START DATA BLOCK
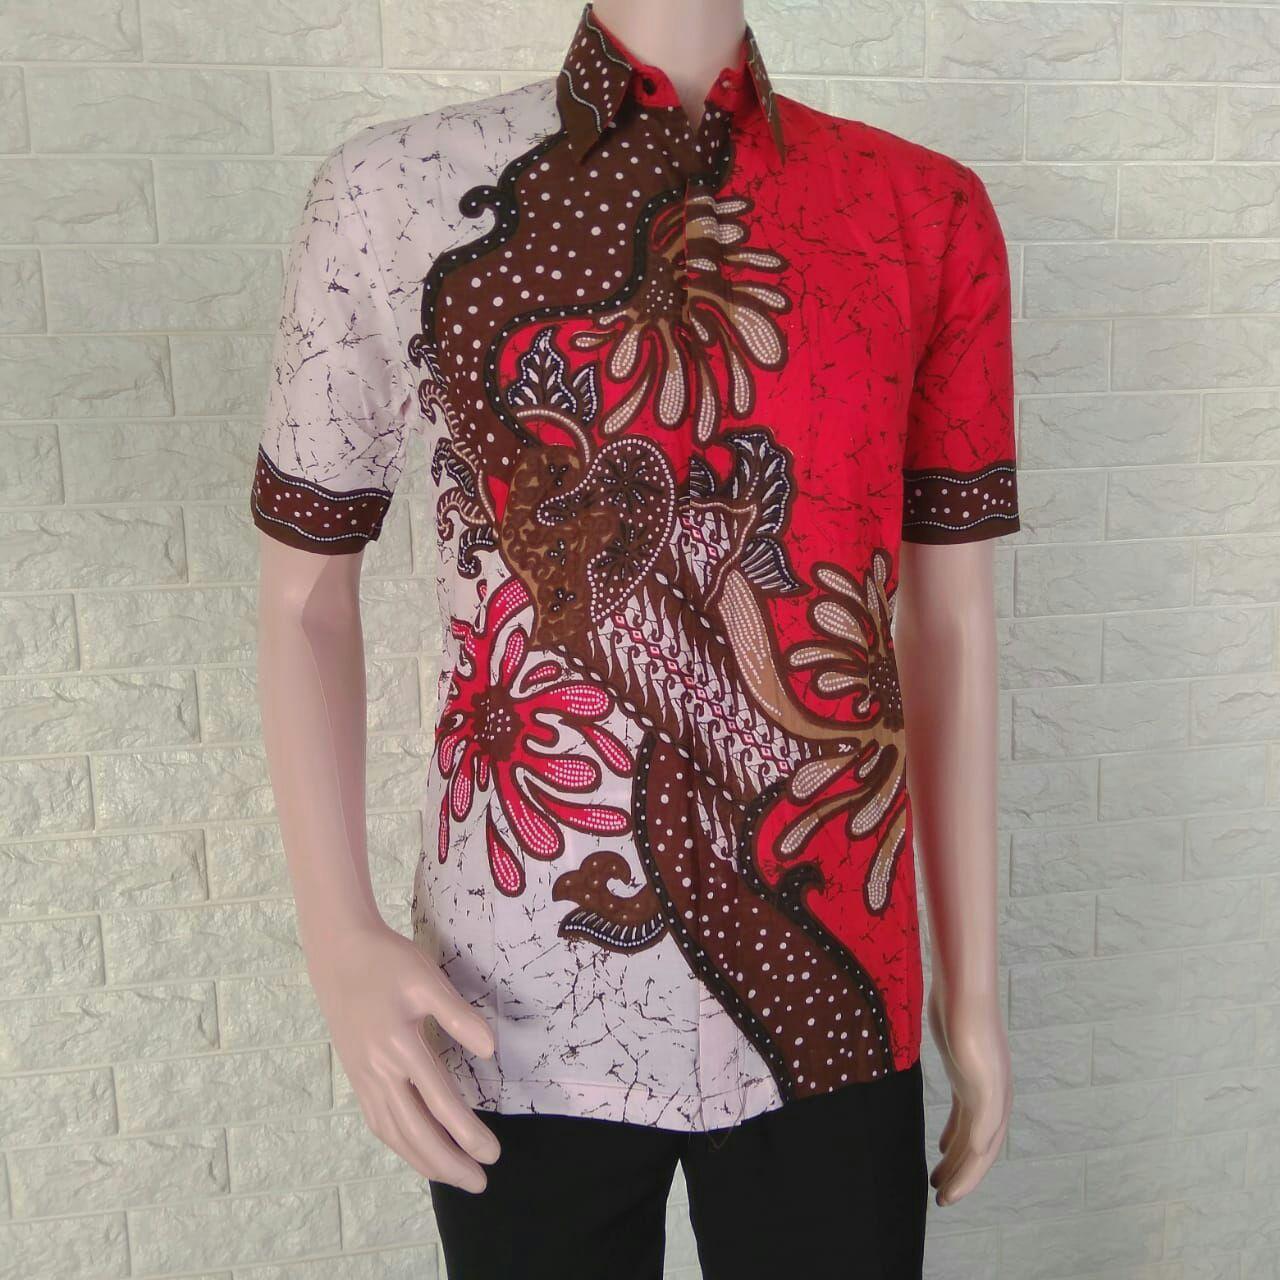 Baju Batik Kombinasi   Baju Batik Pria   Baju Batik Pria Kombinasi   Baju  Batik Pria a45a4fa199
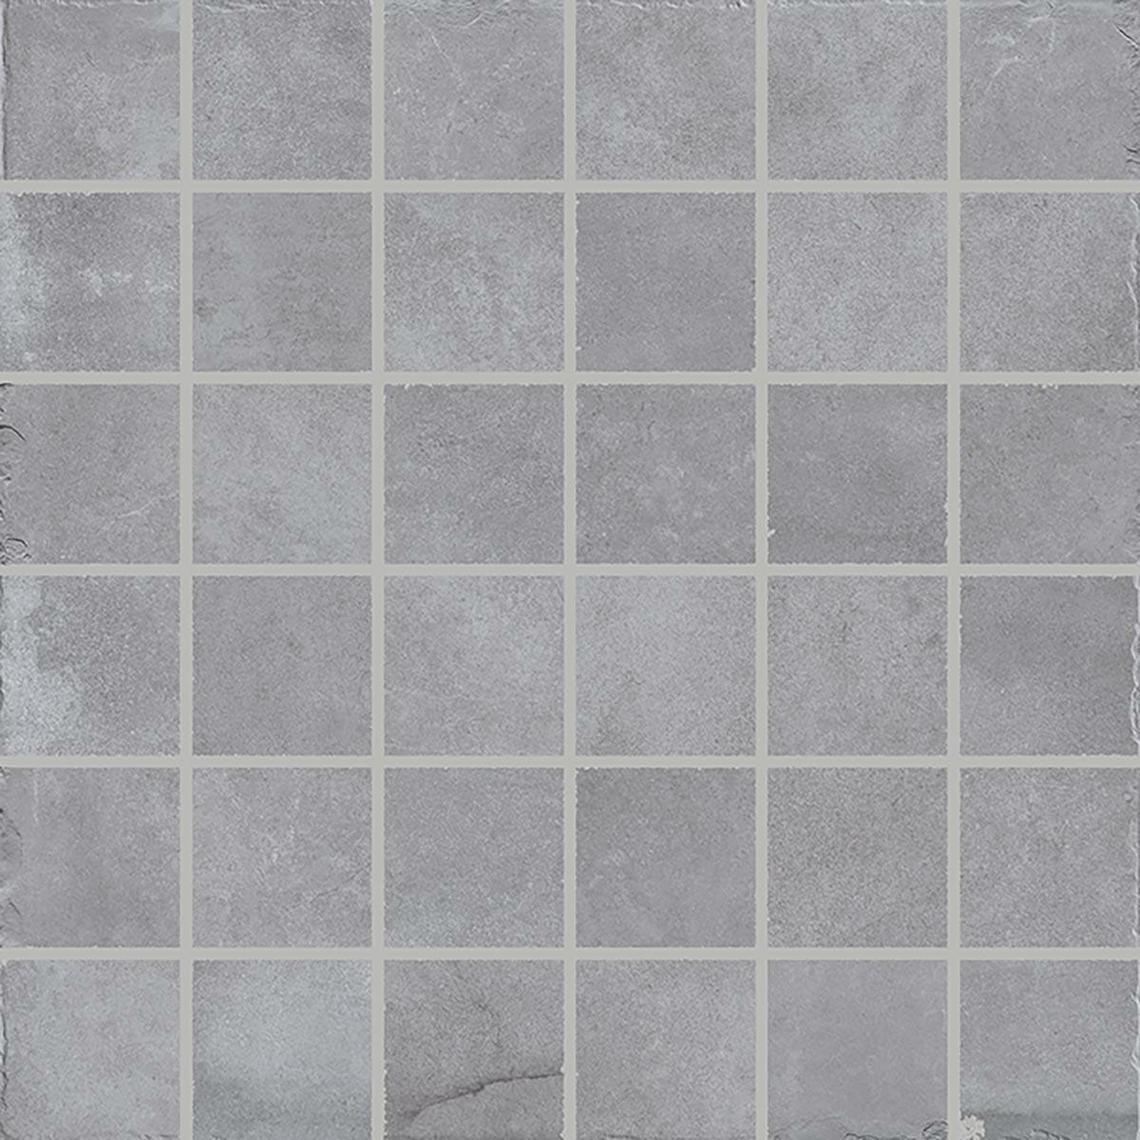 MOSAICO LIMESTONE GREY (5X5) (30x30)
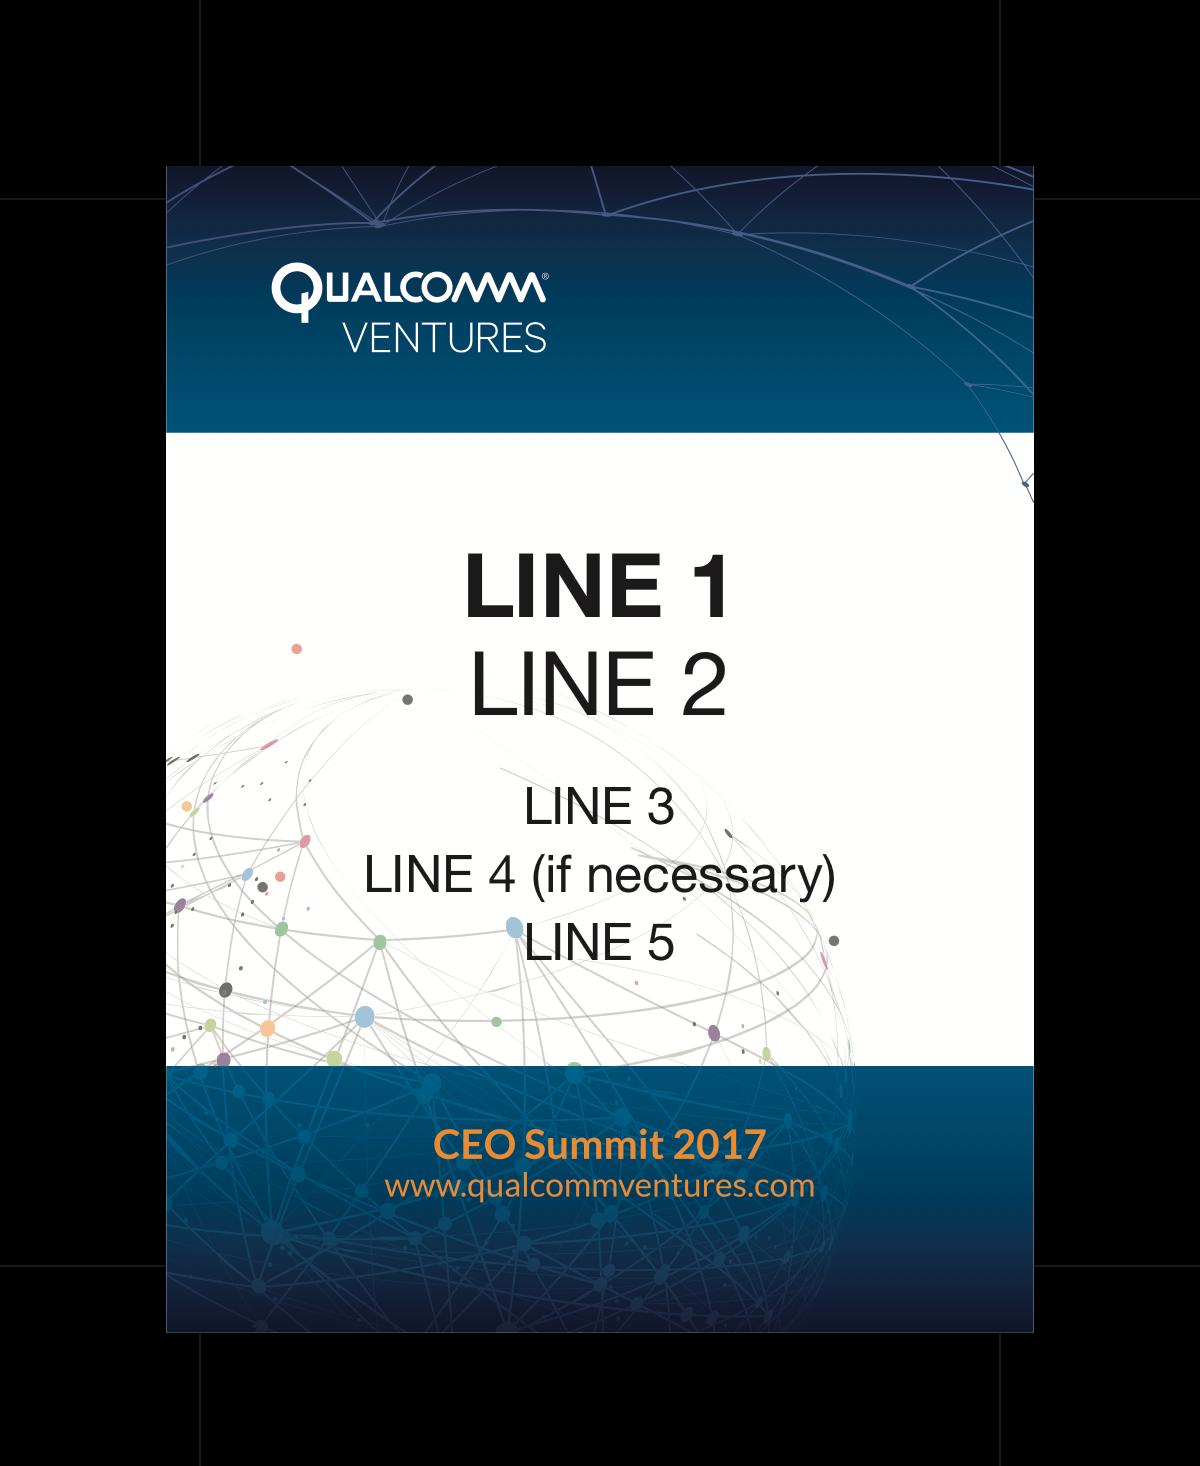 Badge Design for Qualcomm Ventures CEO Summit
END DATA BLOCK
- ABOUT THIS EXERCISE
Return all the data above as written, leaving out only the pictures.

- RESULT FOR THIS EXERCISE
 Baju Batik Kombinasi   Baju Batik Pria   Baju Batik Pria Kombinasi   Baju  Batik Pria a45a4fa199
 MOSAICO LIMESTONE GREY (5X5) (30x30)
 Badge Design for Qualcomm Ventures CEO Summit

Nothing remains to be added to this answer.